Termination of employment must be considered as a last resort under any circumstance, employers are obliged to make a sincere effort not to terminate employment agreements. This rule is called "ultima ratio" principle and governs the entirety of Turkish labor law.

Pursuant to Article 18 of the Labor Law, insufficient performance is among valid reasons for termination. Although what constitutes insufficient performance is not defined within the Labor Law, it can be understood from Court of Appeals' decisions.[1]

As per the High Court of Appeals' precedents, there is insufficient performance where, for instance, an employee's performance is lower than the performance of the employees who undertake the same or similar works, or where an employee's concentration is lower than expected, or the employee fails to improve his/her abilities or knowledge, suffers from a lack of adaptation or a specific kind of sickness of the employee's keeps him/her from working constantly and efficiently.

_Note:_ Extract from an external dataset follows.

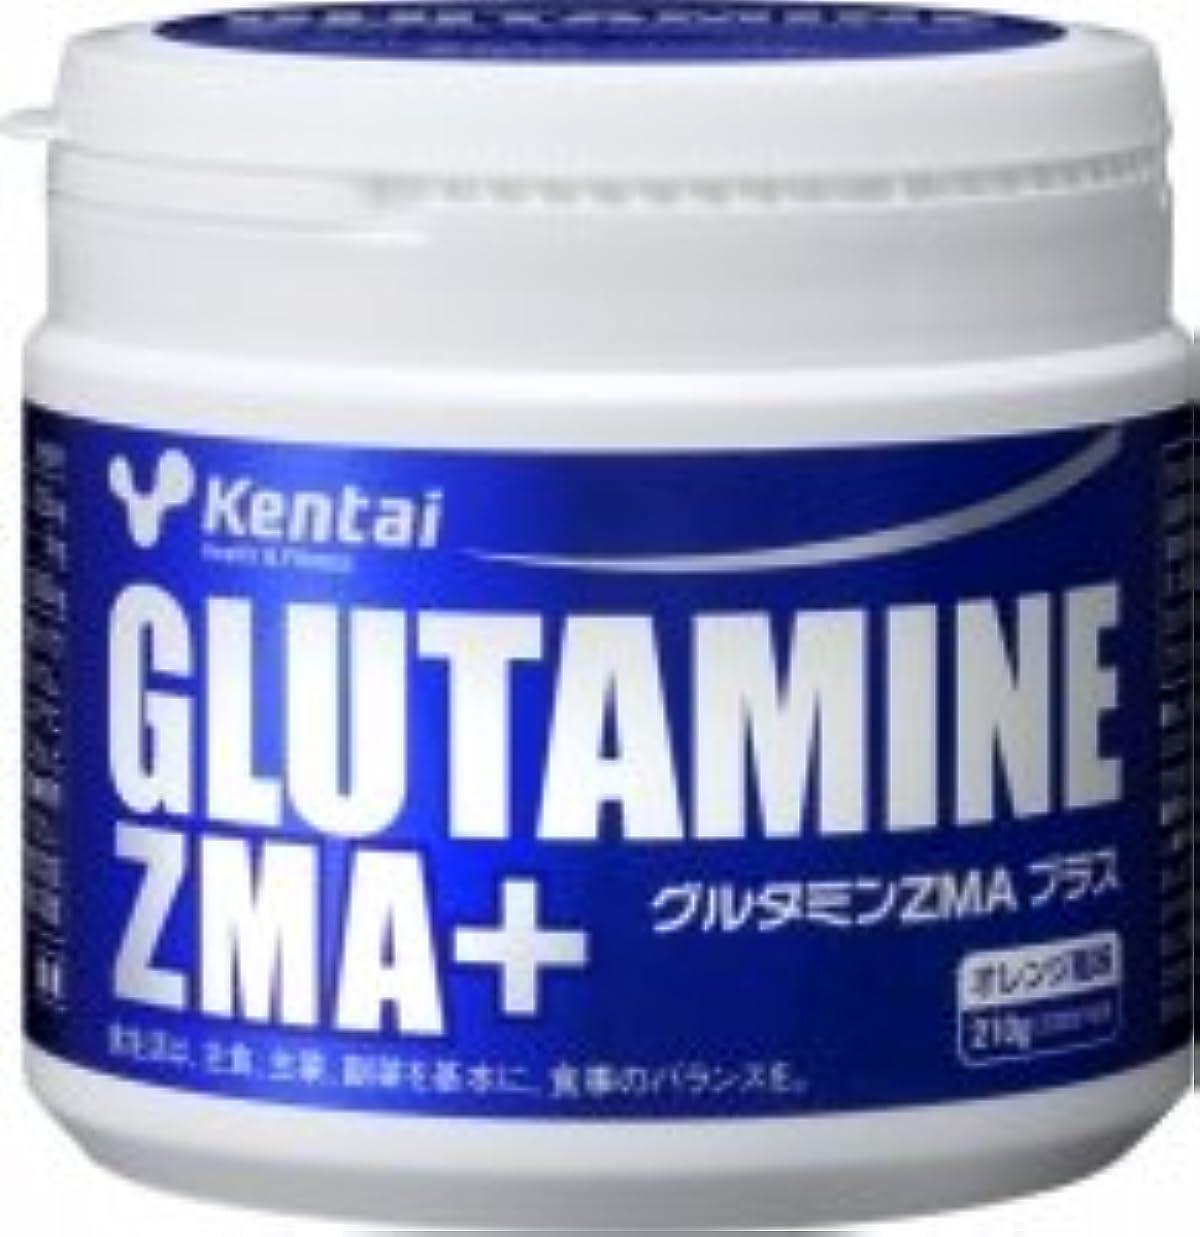 忠誠巡礼者阻害する【健康体力研究所 (Kentai)】 グルタミンZMAプラス 210g

Insufficient performance has to be determined objectively, in other words, the employer has to exclude its prejudice and personal preferences when determining and deciding on the insufficient performance of an employee. The objectivity principle here can be described as implementation of the same rules for each employee undertaking the same or similar works. When an employee's performance is first determined to be insufficient, in consideration of the above mentioned principle, the foregoing steps should be taken:

  1. The employer shall issue a warning letter, apprising the employee of his/her insufficient performance, elaborating the expected performance standards and stating that his/her improvement in his/her performance will be closely watched over.
  2. The employer has to make sure that the employee undergoes a certain performance evaluation system by taking into consideration the employee's opinion as well.
  3. In case the employee fails to achieve the performance targets detailed in performance evaluation system, the employer should obtain the employee's written defense as to his/her failure.
  4. If the employer concludes that the employee's defense does not justify his/her insufficient performance, the employer shall issue another warning letter regarding his/her failure to reach the standards set out by the employer. Following the service of this warning letter, the employee should be observed closely for a reasonable amount of time to see whether there is any improvement in performance. Here "reasonable amount of time" shall be determined on a case-by-case basis yet the High Court of Appeals' approach in this regard often requires 6 months' observation period before taking an action.
  5. If the employee does not show any progress in his/her performance despite two separate warnings, the employer can now consider moving the employee to another position that may be appropriate for the employee's seniority and qualifications, within the same or another workplace of the employer, both local and abroad. According to Article 22 of the Labor Law, since such offer for changing the employee's position is an essential change in working conditions, the employer must notify the employee in writing with respect to the relevant change together with the reasons and the purpose of such change. So in order for such position change to be executed, the employee should consent to this change in writing within 6 business days as of the date on which the offer for the position change is notified to the employee.
  6. Provided that the employee does not accept the position change offer within 6 days or there is not even a position available to the employee in the first place, the employer may be entitled to terminate the employment agreement on valid reason based on the employee's insufficient performance.

However, above all, the aforementioned criterion shall be constructed on the most essential targets that the employee is responsible to reach, in other words his/her expected performance criteria shall be determined beforehand under any circumstance. This is because according to the High Court of Appeals, if there is no starting point, there is nothing to compare either.

Accordingly, if the employer does not follow the foregoing steps, a reemployment lawsuit to be initiated against the employer within 1 month as of the termination date would result in reinstitution of the employee.

[1] 7th Circuit of the Court of Appeals' decision dated 20.04.2016 and numbered 2015/41444 M, 2016/8802 D., 7th Circuit of the Court of Appeals' decision dated 30.03.2016 and numbered 2015/6447 M., 2016/7557 D., 22nd Circuit of the Court of Appeals' decision dated 16.03.2016  and numbered 2016/4391 M., 2016/8053 M.